According to the study published in in the journal Progress in Cardiovascular Diseases, eating plant-based foods like nuts, soy, pulses, beans, peas and a little amount of plant sterolsa may help in preventing risk for cardiovascular disease including blood pressure, triglycerides and inflammation. The plant-based dietary pattern is known as portfolio diet and it is based on a 2,000 calorie diet, as per the researchers. Other than reducing low-density lipoprotein cholesterol (LDL) by about 30 percent when combined with a low-saturated fat diet, it was found that, the diet reduced the overall risk for coronary heart disease, which includes angina and heart attack. John Sievenpiper, Associate Professor at the University of Toronto, Canada, said, "We have known the portfolio diet lowers LDL cholesterol, but we didn't have a clear picture of what else it could do." The researchers further said that dietary and lifestyle modifications can enable patients to manage high cholesterol and cardiovascular risk, and the current study provides further rationale for that approach. If the one follows the diet, people will find that incorporating just a few more plant-based foods offers noticeable benefits, the researchers noted.

 

fruits and vegetables

Plan-Based Diet: Consuming plant-based foods may help in preventing risk for cardiovascular disease.

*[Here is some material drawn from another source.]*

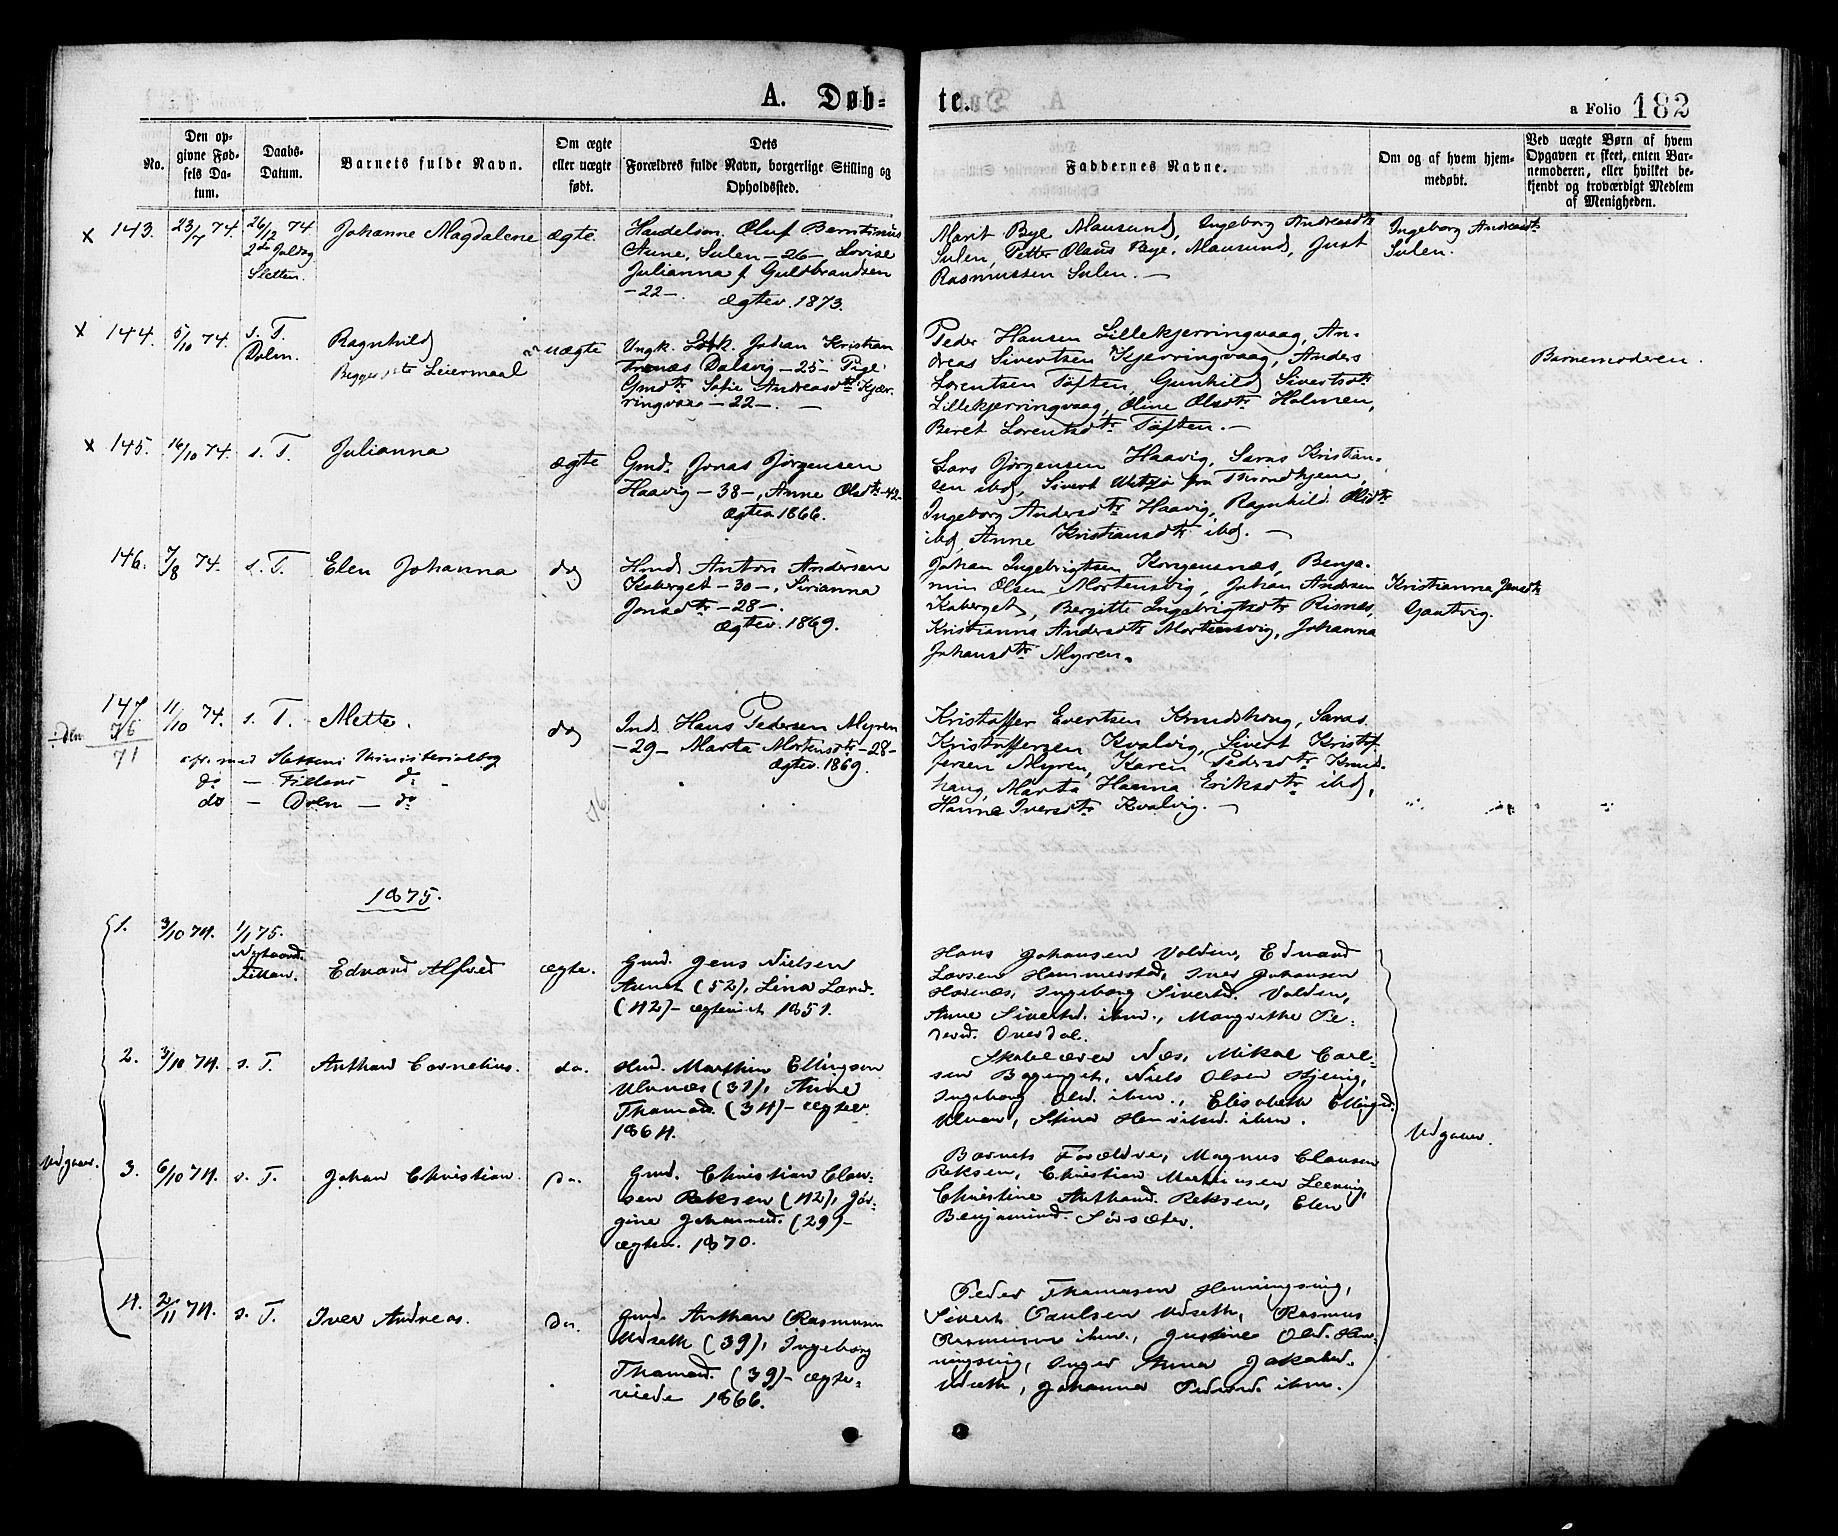 SAT, Ministerialprotokoller, klokkerbøker og fødselsregistre - Sør-Trøndelag, 634/L0532: Ministerialbok nr. 634A08, 1871-1881, s. 182

Plant-Based (Vegetarian) Foods For Healthy Heart:

 

Broccoli

Broccoli is packed with several heart-friendly minerals like potassium and magnesium. Broccoli's high fibre and omega-3 fatty acids help keep the LDL or bad cholesterol at bay. The potassium in broccoli acts as vasodilator and checks your blood pressure levels.

Ginger

Experts have also linked ginger to lower levels of Low Density Lipoproteins or "bad" cholesterol, which are known to increase risk of heart disease. Add this in your daily diet and watch out for effective results. One of the best ways to add ginger to your diet is to begin your morning with tasty ginger tea. Research says that sipping ginger tea is quite beneficial and may cure many health problems. And, when it comes to blood thinning, ginger is known to reduce inflammation and further relaxes the muscles. Who knew that a single cup of ginger tea can do wonders for your health.

Carrots

The high fibre quotient of carrots boosts heart health removing excess LDL cholesterol from the walls of arteries and blood vessels. According to the book 'Healing Foods' by DK Publishing carrots, "contains a form of calcium easily assimilated by the body that may help lower "unhealthy " (LDL) cholesterol levels." The health benefits of carrots are due to their richness in vitamin A, vitamin C, vitamin K, vitamin B8 and pantothenic acid. Consumption of carrots helps reduce cholesterol and prevents heart attacks.

Beetroot

Various studies around the world have shown that the high content of nitrates in beetroot produces a gas called nitric oxide. This gas helps to relax and dilate your blood vessels which improves blood flow and lowers blood pressure. Beets are a powerhouse of nutrition. High in vitamins, minerals, and organic compounds like vitamin C, magnesium, iron, copper and phosphorus, they help in the treatment of heart diseases.

Amla

Amla reduces the risk of heart diseases by regulating the build-up of bad cholesterol. Amino acids and antioxidants aid in the overall functioning of heart.

Cayenne Peppers

Cayenne peppers are power-packed with properties that help in thinning our blood. And, the credit goes to salicylates, which are found in high amount in cayenne peppers. Adding cayenne peppers to our daily diet, in the form of capsules or in the food, could lower your blood pressure and increase circulation.